Our observations may be related to the biology of HTT, which is regulated according to the length of the polyglutamine sequence encoded by the CAG tract. Although HTT is widely expressed, the amount of the protein differs between tissues and cell types within the same tissue;24, 25 therefore, the length of the CAG expansion in HTT may differentially influence various types of cancer. Furthermore, HTT may be involved in particular cancer subtypes depending on the signaling pathways engaged in the oncogenic processes.
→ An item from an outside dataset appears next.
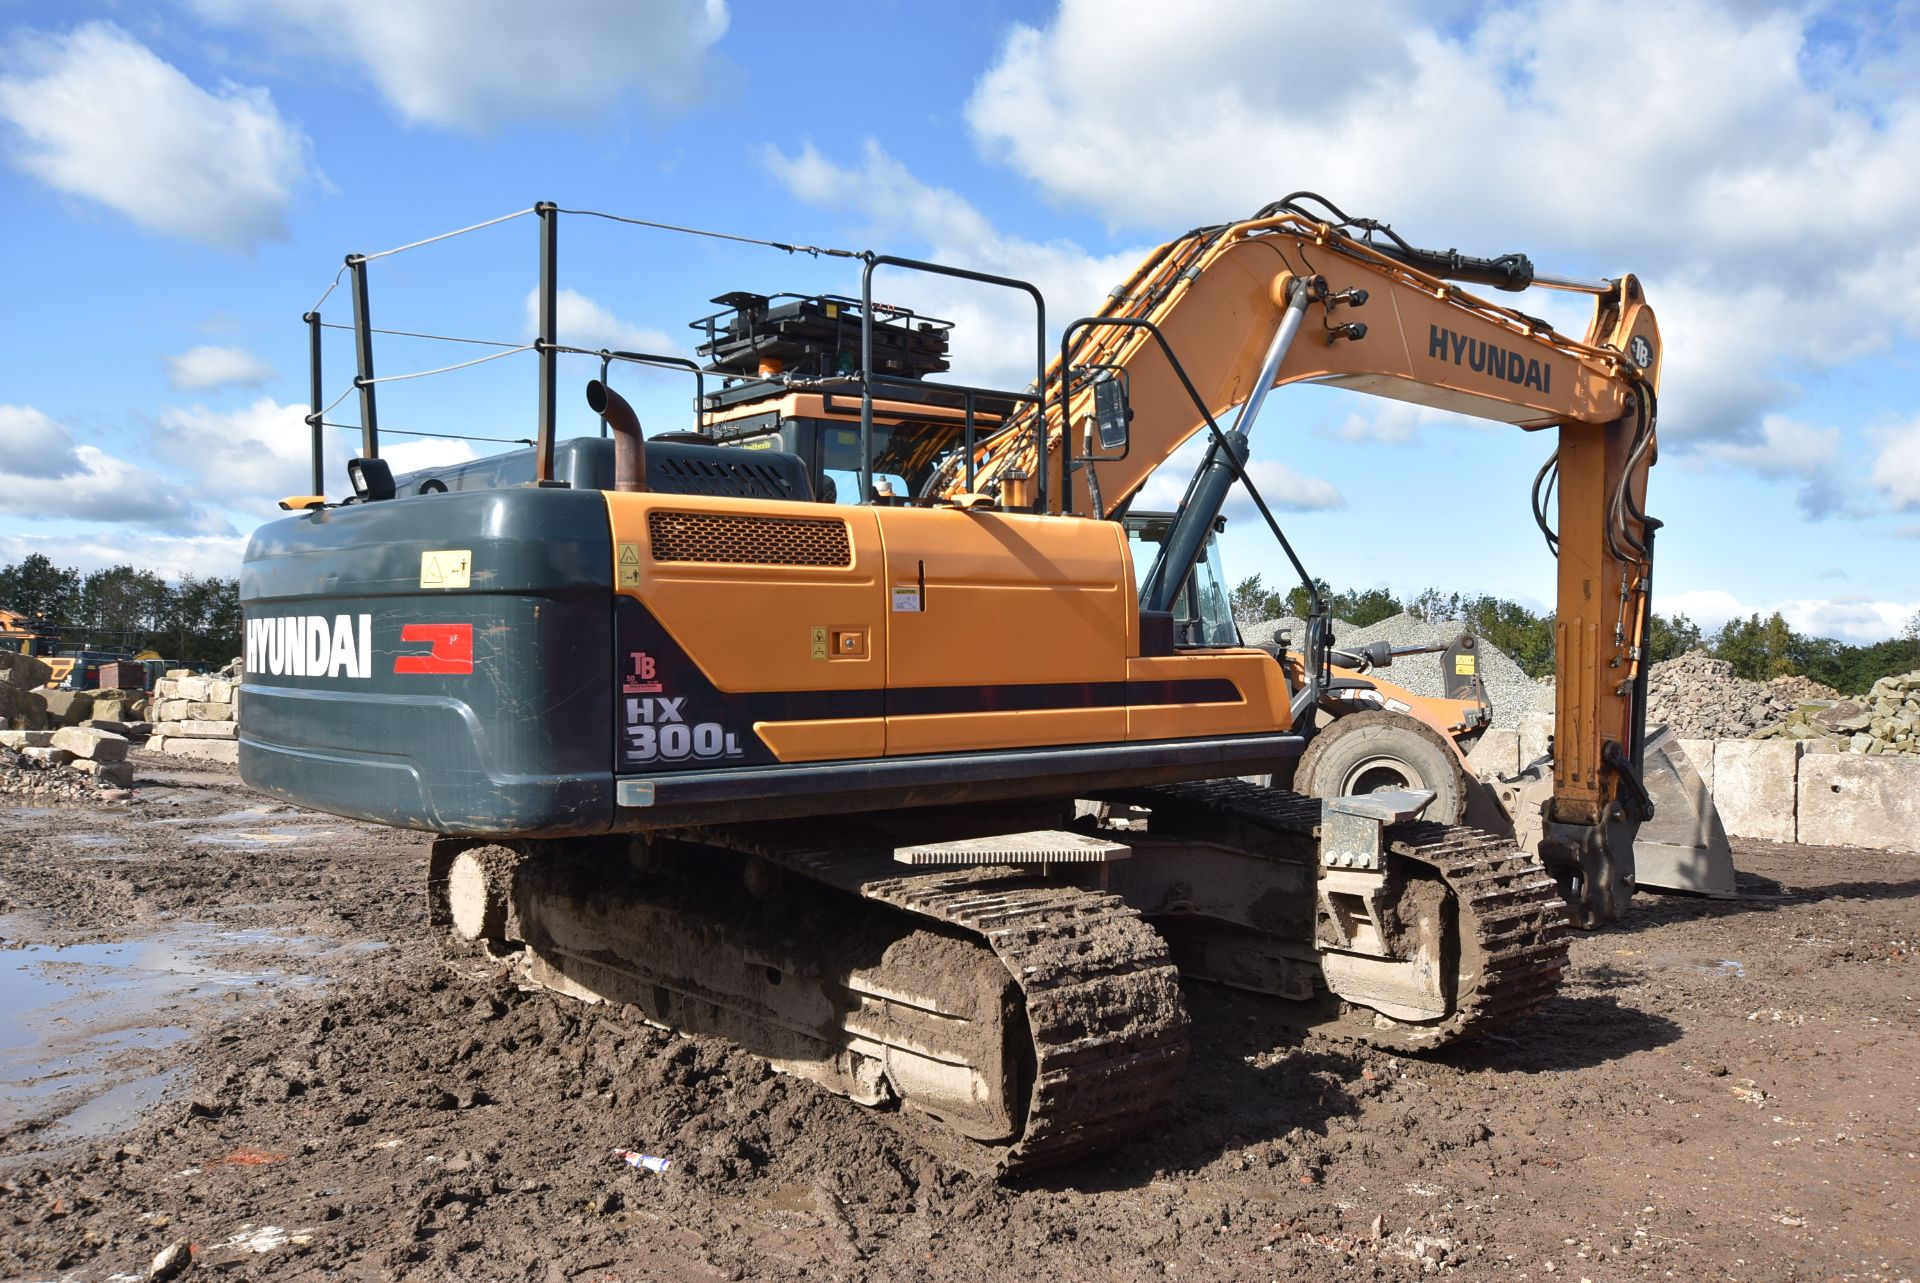 Hyundai HX300L 30T TRACKED EXCAVATOR, VIN HHKHK801TH0000492, year of manufacture 2017, indicated - Image 4 of 12

For instance, the regulatory effect of HTT could differ in cancers of BRCA1 and BRCA2 origin, as HTT was reported to interact with BRCA1 -and not BRCA2- through the BRCA1-associated RING domain protein, BARD1.26 Loss of wild-type HTT in breast cancer promotes metastasis by altering tight junctions.27 Furthermore, HTT with a CAG repeat ≥36 leads to abnormalities in HER2 endocytosis in breast cancer cells, which affect cell motility and metastatic behavior thus promoting tumorigenesis and metastasis in HD mice.9 CAG tracts below 36 repeats may also regulate tight junctions maintenance and/or HTT-mediated endocytosis and affect breast cancer development.7, 8, 9, 27

This study has a number of limitations that may influence the generalizability and translational potential of this research. Individuals from cohort 1 were recruited as carriers of a BRCA1/2 mutation. This testing strategy may lead to underreporting of non-founder mutations. As such, some bias in the ascertainment of the full spectrum of mutations could have occurred. The retrospective likelihood approach allows correcting for this bias.17 For cohort 1, carriers of BRCA2 mutations composed a smaller sample set; in particular, the number of women with BRCA2-associated ovarian cancers was relatively small. The associations in cohort 1 did not remain statistically significant after corrections for multiple testing; therefore, we cannot exclude false positive and further studies are needed to investigate these findings. A further limitation of our study is based on the retrospective likelihood approach that relies on the availability of external disease incidences for the mutation carriers. A specific selection of control subjects within the same population of BRCA1/2 mutation carriers sampled in similar conditions as BRCA1 and BRCA2 mutation carriers would allow further clinicopathological comparison based on tumor characteristics. In addition, the sample size in the cohort 2 is limited regarding the sample size of the cohort 1 leading to a smaller power for this cohort. Furthermore, cohort 1 is a ‘prognostic’ cohort as BRCA1/2 mutation carriers are enrolled before the development of breast or/and ovarian cancer, whereas cohort 2 is a ‘prognosis’ cohort established >30 years ago that allows the investigation of long-term prognosis that is not possible in cohort 1 due to shorter follow-up.

Besides, we found a high prevalence of pathological HD CAG repeats in HTT compared to previous estimates of 8 and 17.3 per 100 000 worldwide.20, 21, 22, 23 Here, we estimated CAG repeat length in a cancer population with a priori no HD bias. Even if these allele sizes are associated with low penetrance, they are pathological and risk to expand further upon transmission.28 As we found a similar proportion of carriers of HD-causing CAG expansions in an independent cohort affected with inherited ataxia (1:541; EUROSCA cohort; data not shown), it is less expected that the high prevalence is specific to cancer population. Recent evidence indeed suggests that the prevalence of HD is underestimated: in British Columbia it was estimated at 13.7 per 100 000 in the general population and 17.3 per 100 000 in the Caucasian population.23 Studies investigating the prevalence of HD have used estimation models to extend observations from subpopulations of individuals at risk or from patients diagnosed with HD to the general population. Thus, there is a crucial need to decipher the prevalence of HD-causing variants in the general population without using estimation models.

We have described here associations between the size of the length of CAG tracts in HTT and features of breast and ovary cancer with potential implications for the follow-up of cancer patients. Future studies should address the molecular mechanisms underlying the specific regulatory effects of HTT CAG expansion on various types of cancer.